McLaughlin called Hamdi an “illegal alien and terrorist sympathizer” who requested voluntary departure. She said that Homeland Security Secretary Kristi L. Noem “has made it clear that anyone who thinks they can come to America and hide behind the First Amendment to advocate for anti-American and anti-Semitic violence and terrorism — think again.”
Trump signed an executive action in January aimed at combating antisemitism on college campuses, but free speech advocates say the campaign is rapidly expanding into broader surveillance.
In August, U.S. Citizenship and Immigration Services said immigrants seeking to become naturalized U.S. citizens would be subject to a “good moral character” review that includes an assessment of their “behavior, adherence to societal norms, and positive contributions.” Also that month, that agency said it would begin considering “anti-American” views in determining whether to provide immigrants benefits.
“People are free to make whatever statements they want on social media or anywhere else, and anyone who does not support the same candidate that I support, that’s not what we’re talking about here,” the agency’s director, Joseph Edlow, told CBS News in October. “We’re talking about beyond the pale. We’re talking about people actively supporting the violent overthrow of this country or otherwise providing material support to terrorist organizations across the world.”
Edlow spoke a day after the State Department revoked the visas of a half-dozen foreign nationals — from Argentina, Brazil, Germany, Mexico, Paraguay, and South Africa — who purportedly “celebrated” Kirk’s death. The department said that “the United States has no obligation to host foreigners who wish death on Americans.”

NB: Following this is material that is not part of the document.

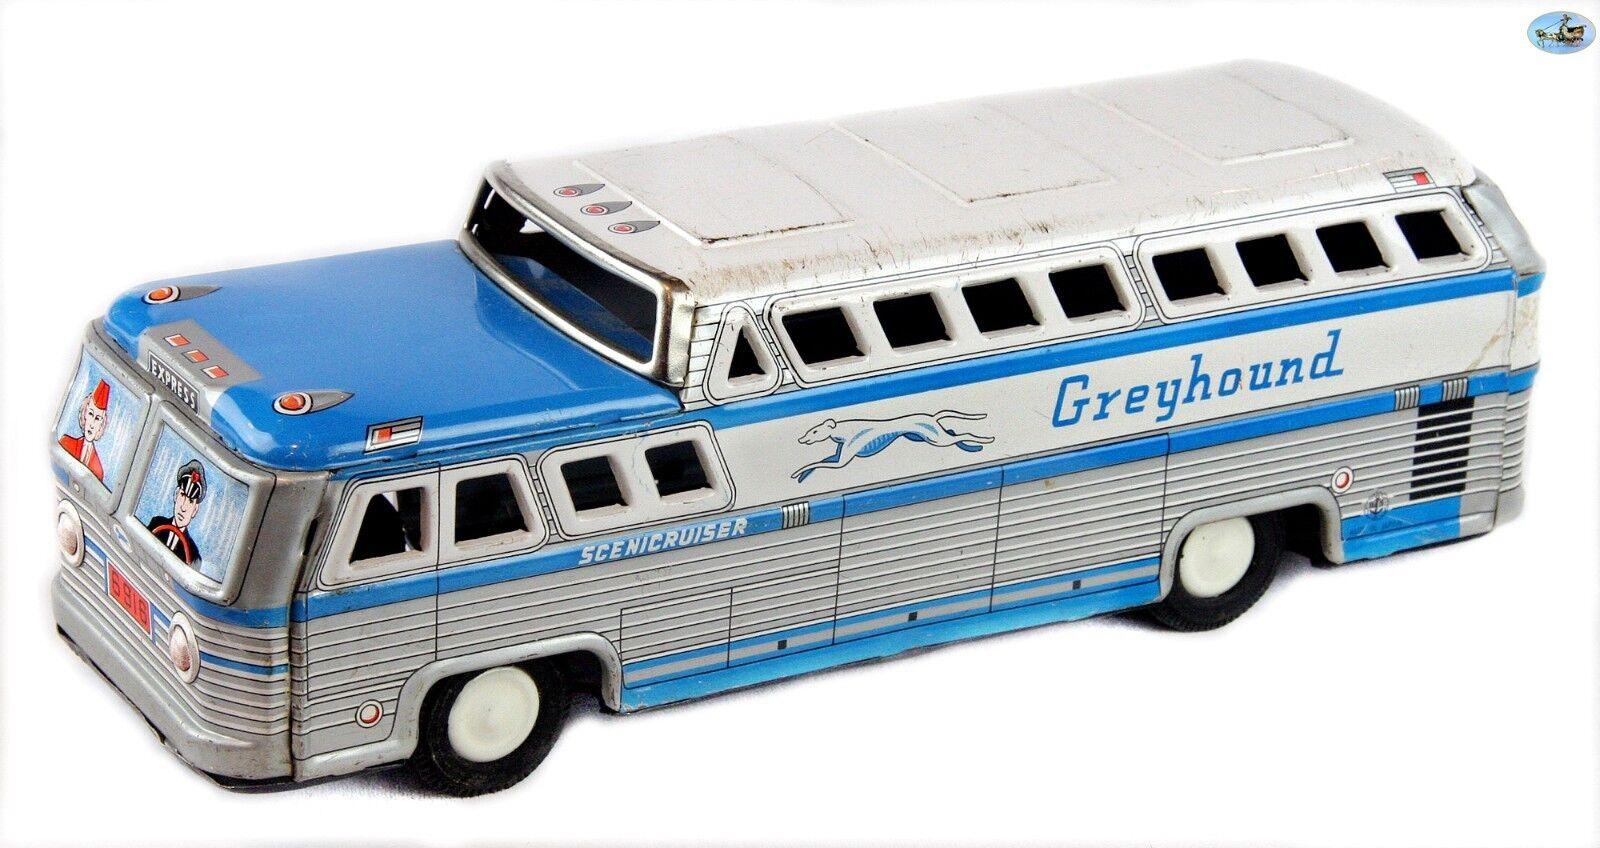 tiendas minoristas 1950s 1950s 1950s impresionante japonés Utaka Galgo Scenic Crucero Express 6916 Bus De Juguete  compra en línea hoy

Nhlamulo Baloyi, a South African music executive, was among them. He wrote on X that “Charlie Kirk won’t be remembered as a hero” and said Kirk led a “movement of white nationalist trailer trash.”
Baloyi, 35, who once worked for a Sony Music subsidiary based in New York, has been outspoken online about anti-Black racism and his country’s history of racial apartheid. In a phone interview, he said right-wing Afrikaners have flagged and reported his posts in an effort to get him banned from X and other social media platforms.
Baloyi suggested that noncitizens in the United States must seriously “consider holding their tongues” or risk being expelled and losing their right to live and work in this country. But he also pointed to virulent online criticism from U.S. citizens aimed at former vice president Dick Cheney after his death this month and suggested foreigners are being held to a double standard.
“I don’t think anything I might have said about Charlie Kirk is remotely equated to the attacks Dick Cheney has faced,” Baloyi said.
Naidu, the Columbia professor, is from Canada and is married to an American. He had been active on X, sharing his thoughts on a range of economic and political topics with more than 16,000 followers. He deleted his account after Trump was elected last year over concerns that discussing political issues could adversely affect his citizenship application. It was approved in July, but he has not rejoined X.
“I’m less nervous about it. But just overall being at Columbia and Columbia being in the crosshairs — my content would not be the most offensive to the administration, but why risk it?” Naidu said.
Nicole M. Bennett, a researcher at Indiana University who studies the federal government’s approach to data governance and digital technologies, called social media the “new front line” in immigration enforcement — one that is expanding into around-the-clock monitoring. Powered by artificial intelligence, new search tools have the potential to vastly expand investigations beyond an immediate target and surveil people around them who had not been suspected of wrongdoing, including family members, friends or co-workers, she said.
“If you’re in a video, you could be pulled into that dragnet, and maybe they find something because they are looking,” Bennett said. “The biggest change is that instead of an investigation being based on evidence, the investigation is based on correlated data.”
Hamdi said his agreement with the State Department to leave the country voluntarily does not prohibit him from applying for reentry to the United States, and he is determined to give it a try. But he acknowledged that other foreigners might think twice. Pointing to soccer’s World Cup in U.S. cities next summer, Hamdi expressed concern for fans who come to root for their teams.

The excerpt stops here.